Accelerating an Embedded RTOS in a SOPC Platform Timothy F. Oliver, Siraj Mohammed, Nataraj Muthu Krishna and Douglas L. Maskell Centre for High Performance Embedded Systems (CHiPES) School of Computer Engineering Nanyang Technology University, Singapore {tim.oliver, siraj, krishna}@pmail.ntu.edu.sg,
[email protected]
Abstract SoPC platforms are becoming more prevalent as a solution for the implementation of embedded computing systems. This is due to their ease of implementation and highly customisable nature. We demonstrate a simple yet effective technique for accelerating an embedded RTOS running on a soft-core CPU in an SoPC platform. Custom instructions are developed to accelerate the task scheduling. We show rapid development of our technique can be achieved through the use of integrated SoPC development environments like Altera’s Quartus-II. Further, implementing a system running the same accelerated RTOS in the Opencores ORP SoPC platform shows the portability of our methods. A notable increase in the performance of key RTOS routines has been seen as well as a reduction in interrupt-latency at the cost of a minimal amount of FPGA real estate. We propose the novel use of custom instructions to access frequently used global data structures as an acceleration technique suitable for SoPC platforms.
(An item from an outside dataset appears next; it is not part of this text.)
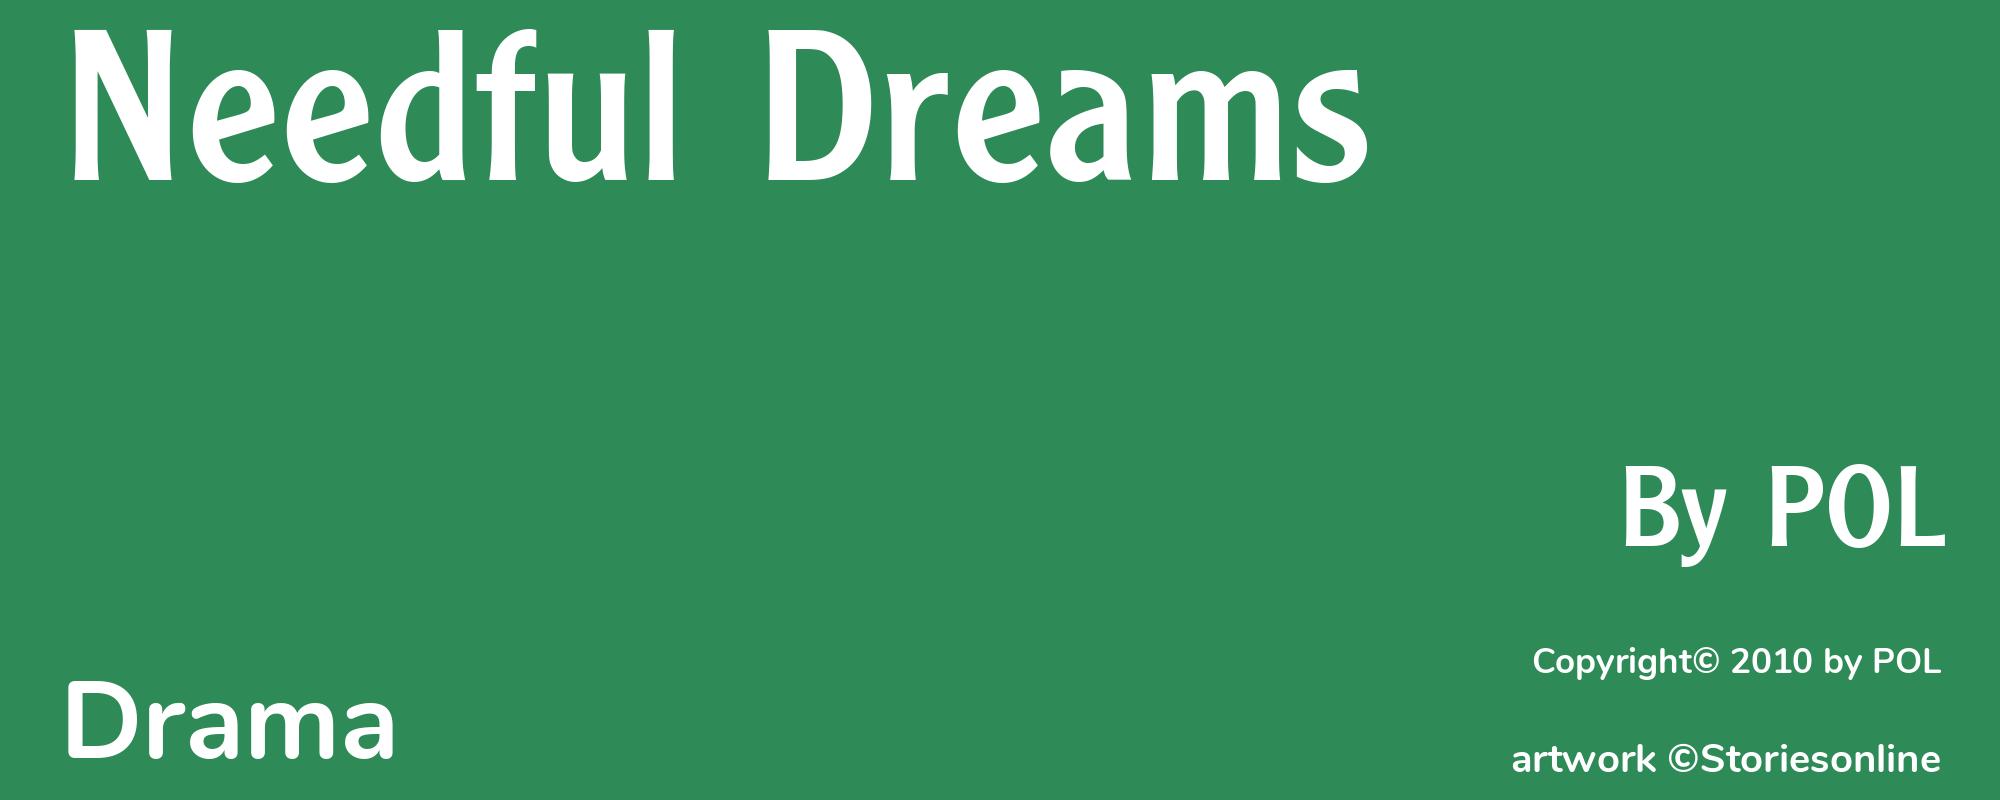 Needful Dreams - Cover

1. Introduction A modern digital system is a combination of one or more processors, configured intellectual property blocks (IPB) and user logic. In the past implementing a system on a chip (SoC) could only be targeted at an ASIC design. Developments in FPGA logic density and speed have made a system on a programmable chip (SoPC) implementation possible. The advantages of SoC are simplified PCB design, improved performance and reliability. Further advantages of SoPC are flexibility and shortened development time. A RISC core can be configured to be 16/32 bits, have data or instruction pipelining, hardware multipliers and custom instructions with hardware acceleration. All the peripherals that the application demands can be customised and included on chip. In an ASIC development this application specific partitioning would usually be considered a risk of the product only being suitable for a small market. With a
SoPC, hardware is effortlessly scaled and the application partitioned to efficiently meet requirements. The availability of proprietary [1] and open source [2] configurable embedded computing platforms provides the system architect with greater options on the structure and customisation available. Altera offer the SoPC Builder integrated into their Quartus-II FPGA development environment. This allows a number of system blocks to be built around one or more Nios processors. The Nios instruction set can be extended with custom execution units [3]. An open-source offering is the OpenRISC reference platform (ORP) [4]. The ORP provides a comprehensive collection of peripherals that can be customised. The open source nature of the ORP simulator allows it to be modified to emulate any changes to the soft core. Custom computing hardware can benefit a general computing application [5]. A computing application can also benefit from hardware acceleration of the RTOS that it is running [6]. Our study requires an RTOS that allows partitioning of functionality between hardware and software. Micrium’s MicroC/OS-II is a small, simple pre-emptive RTOS suitable for embedded applications [7]. It has been widely used and ported to a number of microprocessors. While the RTOS is not open source the simplicity and well-documented structure make it easy to adapt functionality to use software or custom computing hardware. MicroC/OS-II can be scaled to the needs of the application thus minimising the memory footprint and processing overhead. Research has been done to provide RTOS functionality in hardware and significant improvements in speed have been reported at the expense of only a minimal amount of additional hardware. For example semaphores and the associated deadlock detection for sharing resource among several concurrent processes has been implemented in hardware [8]. Logic circuits to perform scheduling of tasks and interrupt handling have been developed. This concept has been commercialised [9] using the Xilinx Microblaze [10] as the SoPC platform. We propose the novel use of custom instructions to access frequently used global data structures as an acceleration technique suitable for SoPC platforms. The
previous works in RTOS acceleration have not considered the use of custom instructions. Accelerators have been connected to the system on the main bus. This approach requires the structural overhead of a bus interface to the acceleration hardware and the overhead of multiple clock cycles to perform an access transaction over the bus. If the bus is shared then RTOS acceleration hardware could impact on the performance of other connected peripherals. We have proposed using custom instructions to accelerate the RTOS functionality. Use of a custom instruction alleviates the issues of bus connectivity. However it localises acceleration to a single processor. Therefore we only consider this lightweight technique in single processor systems. We apply this RTOS acceleration framework to several SoPC platforms. We then investigate the impact on RTOS overhead and interrupt response time. The FPGA resource usage, memory usage and energy consumption are reported and the overheads weighed up against the benefits. Finally we discuss how easy the framework was to use and port to different platforms.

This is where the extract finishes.